Occupying a Full private region, Power Up for Charge is the Full region home of the official Second Life presence for the CHARGE Syndrome Foundation, a US 501(c)(3) tax-exempt organisation, established with the goals of promoting global awareness of, and research into the causes of, CHARGE Syndrome (see below for more); directly supporting and helping those afflicted by the syndrome and their families, including developing outreach and support to assist them and building both social and medical networks and partnerships to benefit those affected by the syndrome.
Designed by Tzeitel Enchantment, founder of power Up For Charge in SL, the the Foundation’s representative in-world, together with Tintin (AbOrigin) and artist Suzen Juel, this is a region established to help spread awareness of CHARGE Syndrome in-world and to offer Second Life residents the opportunity to support the work of the CHARGE Syndrome Foundation through donations (either L$ via the in-world tip jars or by following links to the Foundation’s donations web page).
The design of the region apparently changes every three months, and at the time of my visit it lay dressed at Outpost Camp Charge, described as an eclectic planet from which visitors might explore the outer reaches of the SL universe. In this the setting – which has little in the way of what might be regarded as “traditional” terraforming or landscaping, but which nonetheless retains an engaging look and feel – carries something of a strong Star Wars vibe, although other sci-fi franchises and films also enter into the mix.
The Stars Wars elements come in several forms, from the general architecture, with many of the buildings looking like they may have been transplanted here from places such as Mos Eisley, through the droids and ground transports waiting to the found, to the TIE Fighter roller coaster located at one end of the region as one of its several rides. Many of the buildings are places you can enter, offering bars, music venues, droid repair shops, hangers, and so on, all ready for exploration.
Mixed in with this are two redressed Starfleet Runabouts, ED-209 from Robocop, a forlorn Iron Giant, alien cafés (one of which, minus its automaton server, would look right at home if it were to pop-up in Blade Runner) and a floating lounge, and lots of art in the form of sculptures, all overseen by a giant floating brain and a whale swimming serenely through the sky.

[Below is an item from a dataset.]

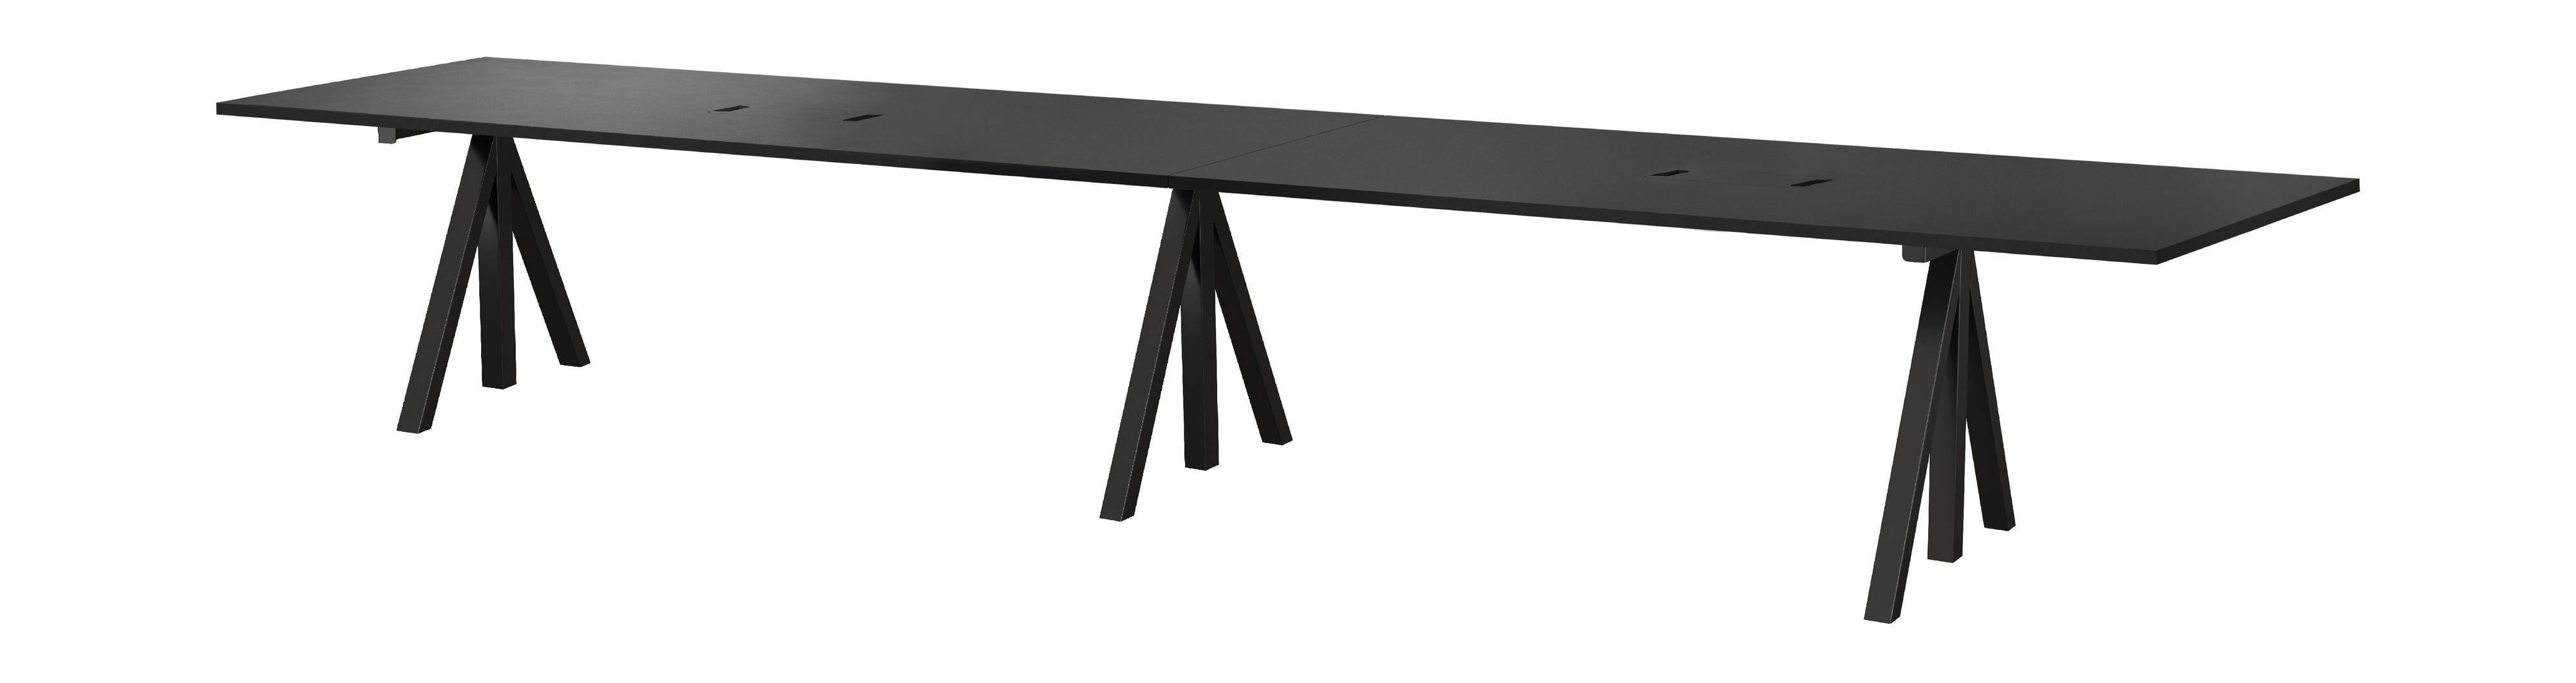 String Furniture Korkeuden säädettävä konferenssitaulukko 90x180 cm, musta/musta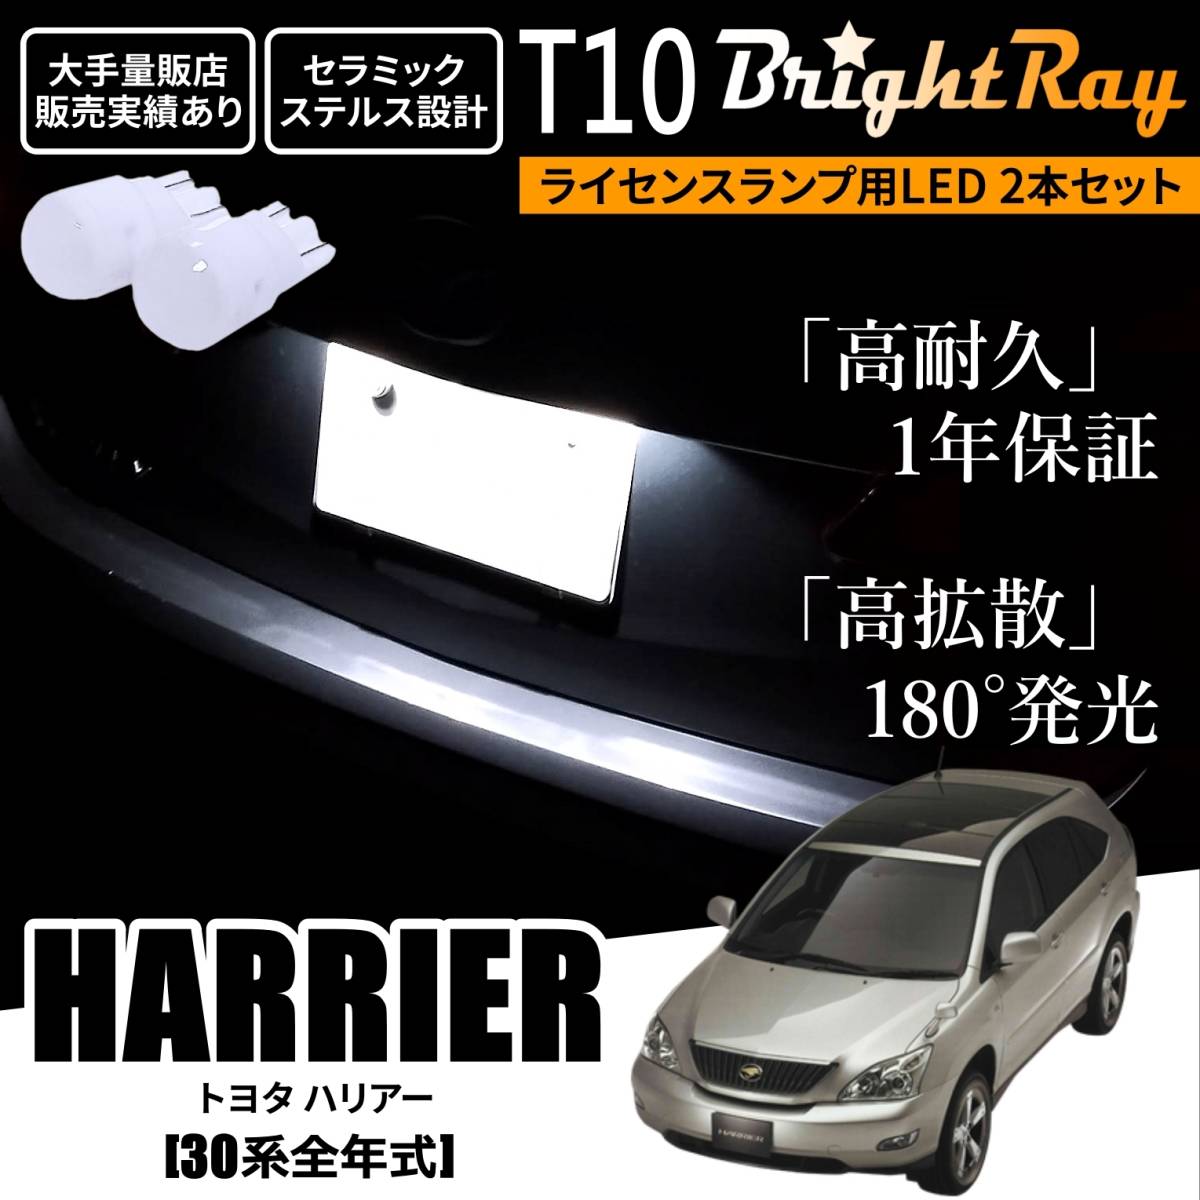 送料無料 トヨタ ハリアー 30系 全年式 BrightRay T10 LED バルブ 1年保証 ナンバー灯 ライセンスランプ ホワイト ポジションランプにも_画像1

Within all this are a couple of places that look as if they might host music events within the region – although if so, I couldn’t find any info on upcoming events; a labyrinth, a portion of the Liberty Bridge in Budapest (and which looks like it would be well at home as a part of the Batman set); experience-driven teleport disks to help people get around and – for those who find their way to it, a skyborne amusement park.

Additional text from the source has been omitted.